[Data below Boundary: Start]

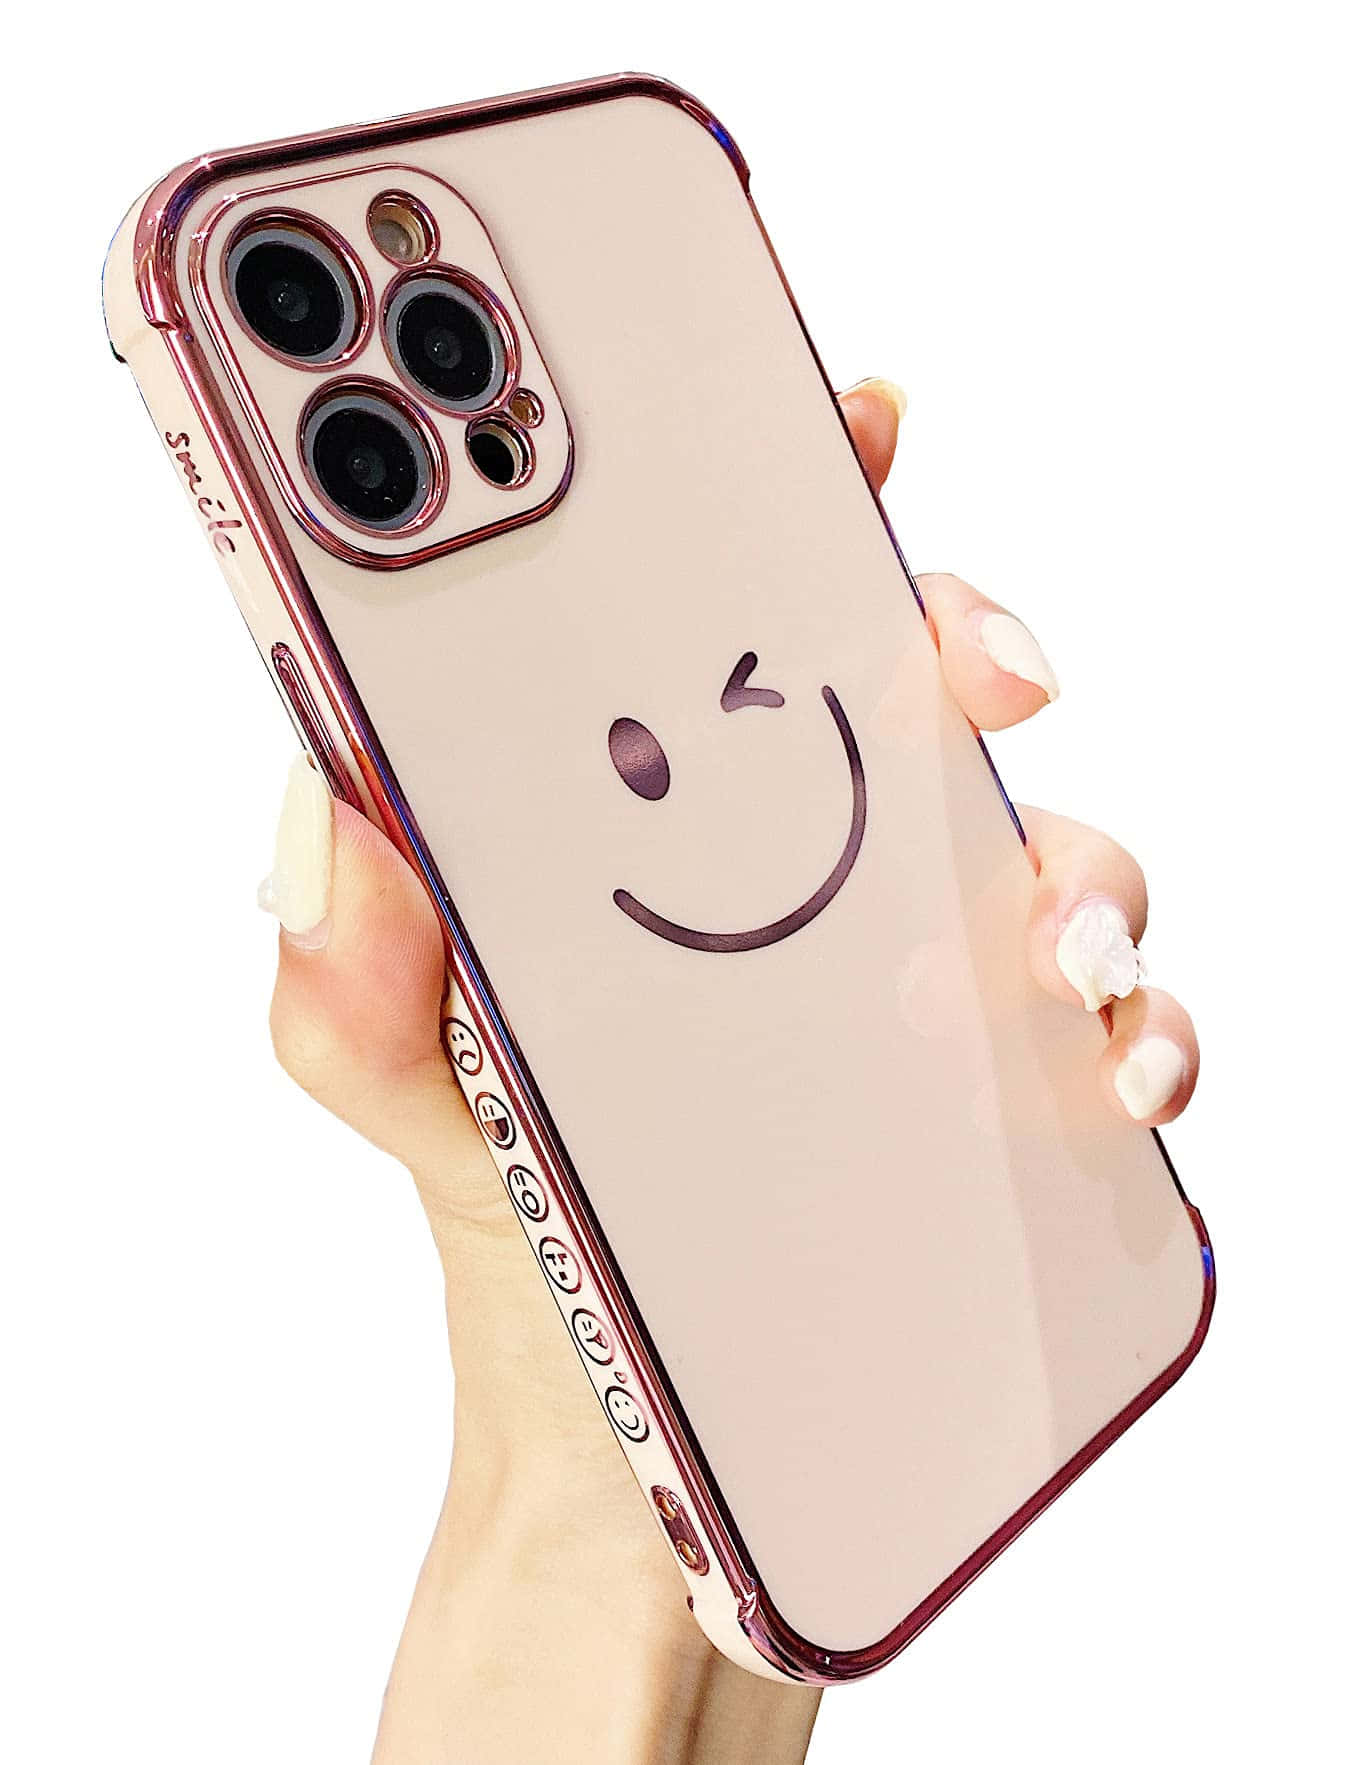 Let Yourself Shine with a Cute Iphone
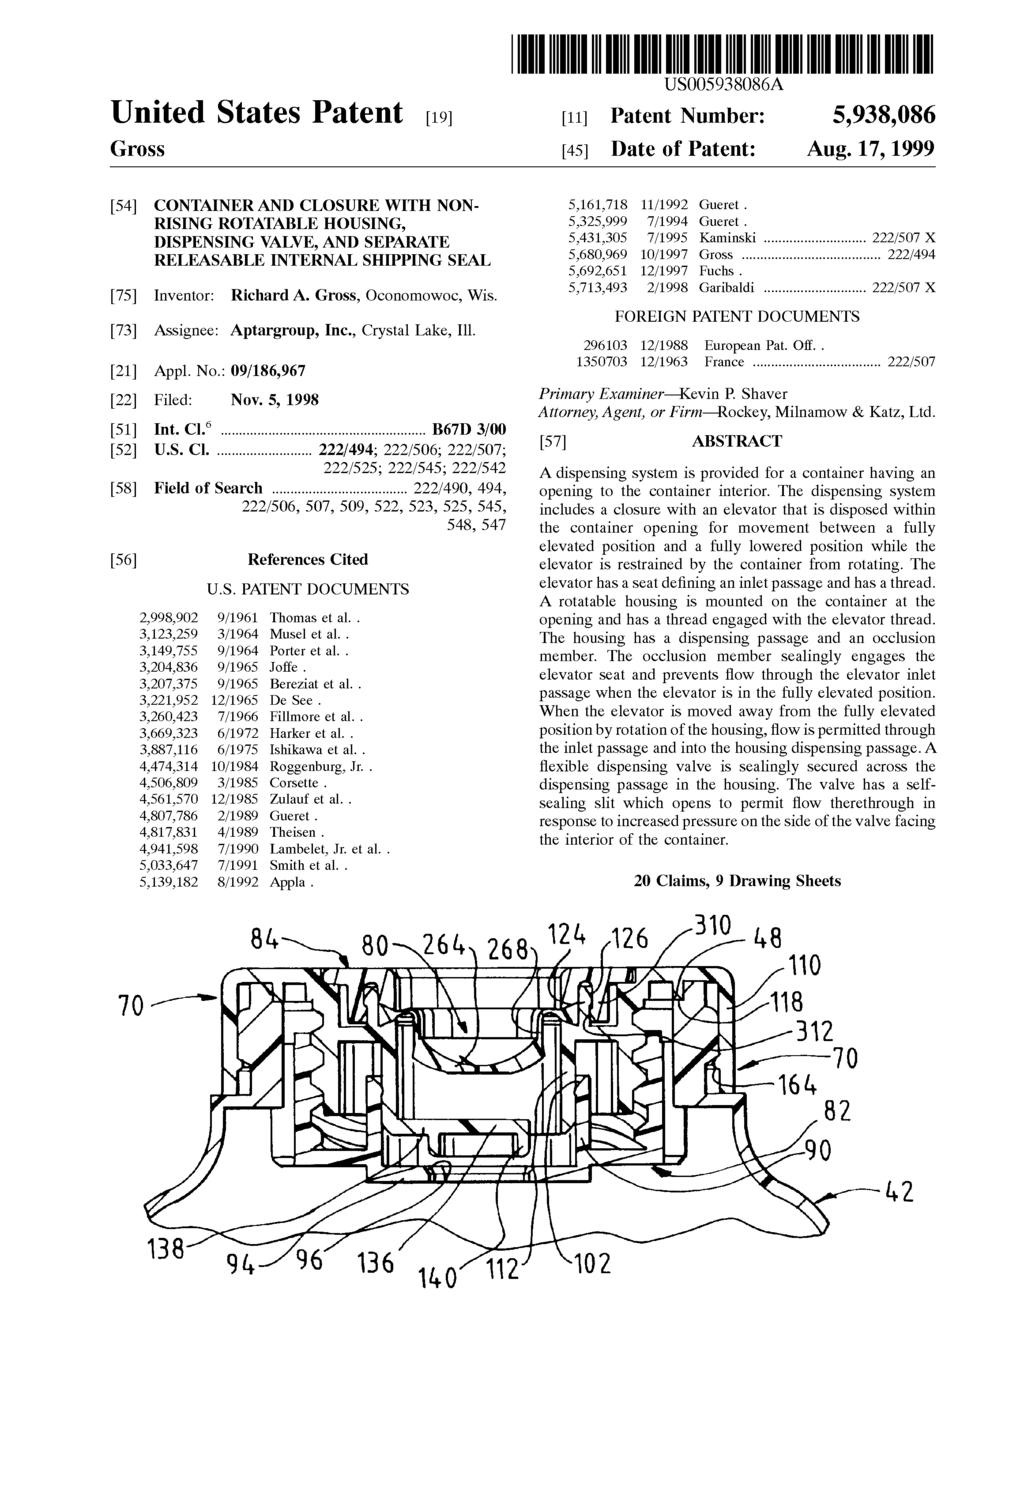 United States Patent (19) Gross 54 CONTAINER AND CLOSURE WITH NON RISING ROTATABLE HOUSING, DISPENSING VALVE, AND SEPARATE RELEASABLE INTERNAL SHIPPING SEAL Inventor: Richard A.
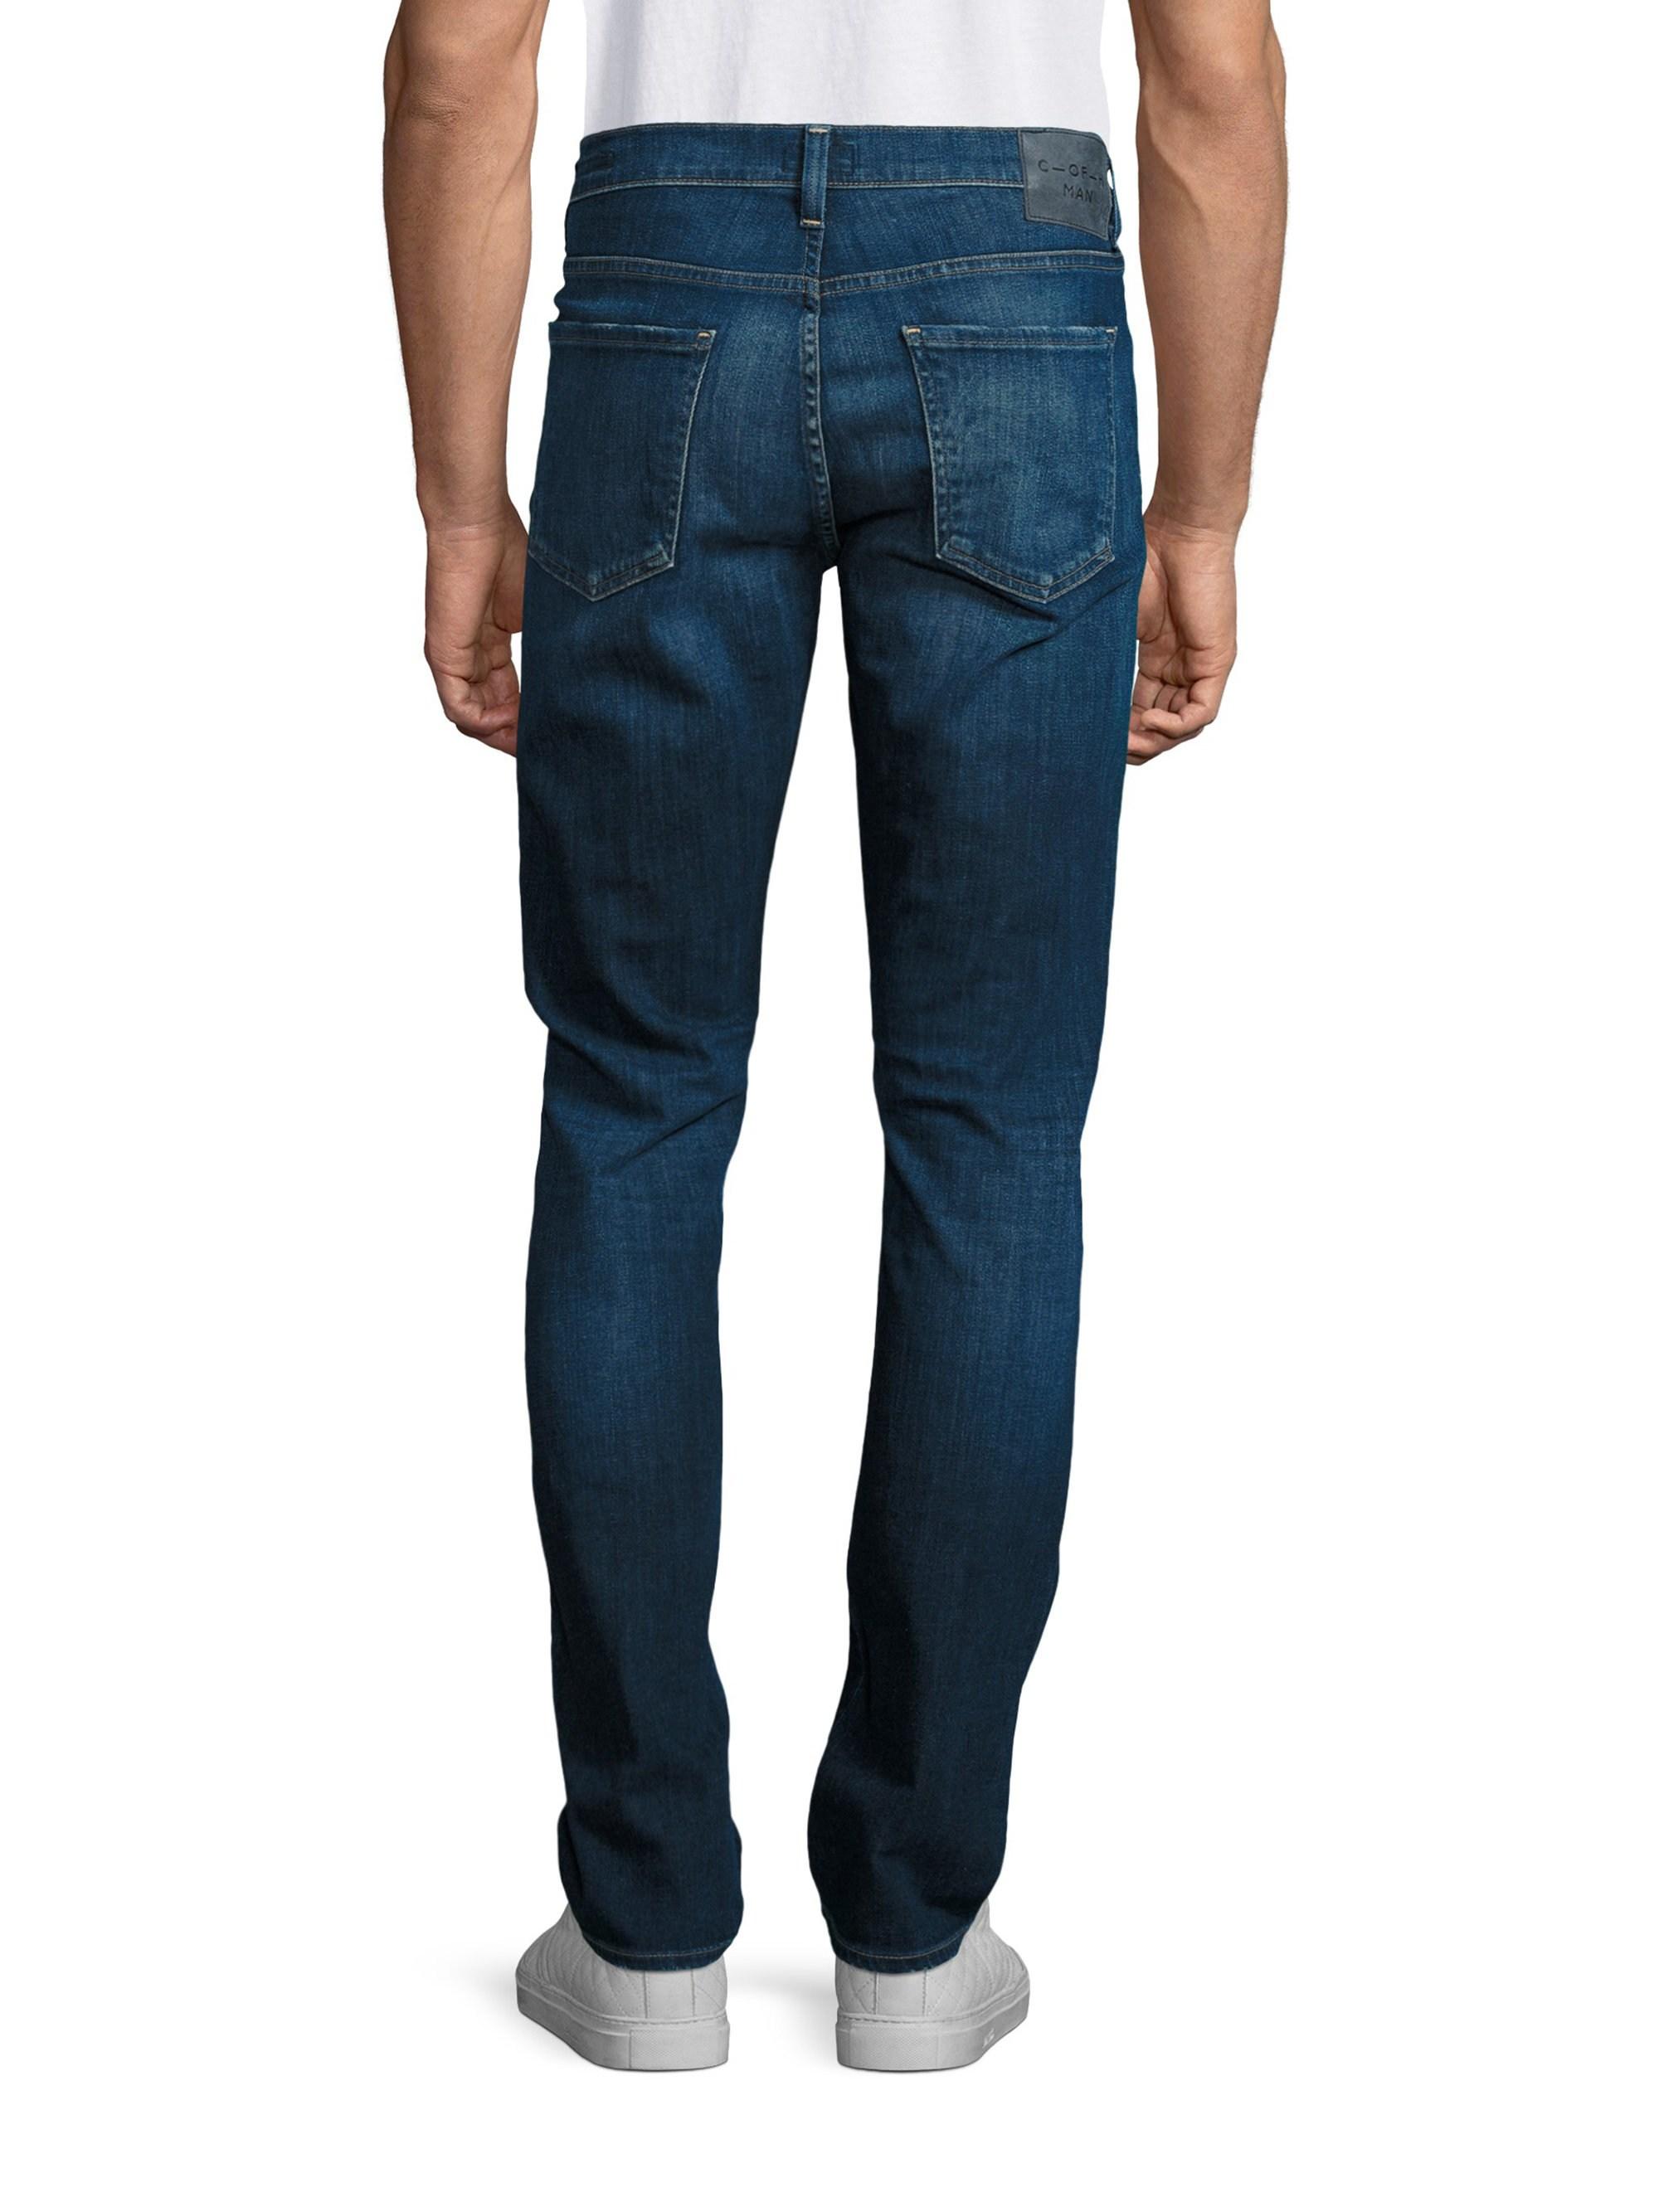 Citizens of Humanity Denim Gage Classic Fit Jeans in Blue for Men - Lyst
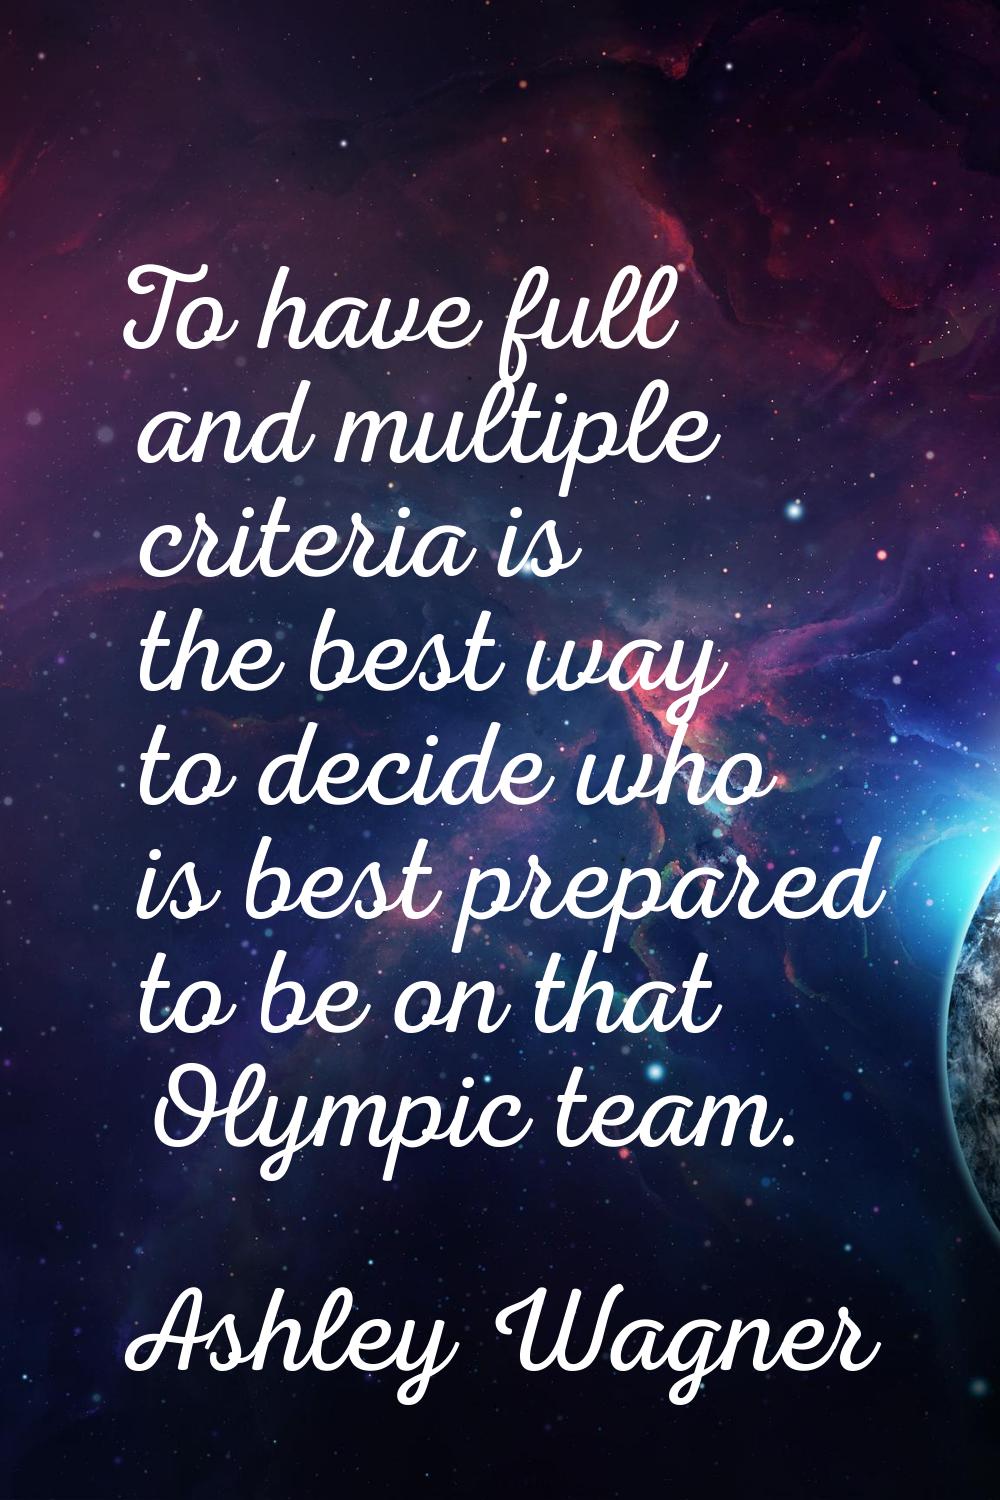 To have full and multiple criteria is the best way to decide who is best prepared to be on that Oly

[Data below Boundary: End]

• _Task to carry out_: No picture is to be included when the lines from the one containing "United States Patent" through the end of the material above are output exactly; nothing else is written.

• _Response to the task_:
 United States Patent (19) Gross 54 CONTAINER AND CLOSURE WITH NON RISING ROTATABLE HOUSING, DISPENSING VALVE, AND SEPARATE RELEASABLE INTERNAL SHIPPING SEAL Inventor: Richard A.
 Citizens of Humanity Denim Gage Classic Fit Jeans in Blue for Men - Lyst
 To have full and multiple criteria is the best way to decide who is best prepared to be on that Oly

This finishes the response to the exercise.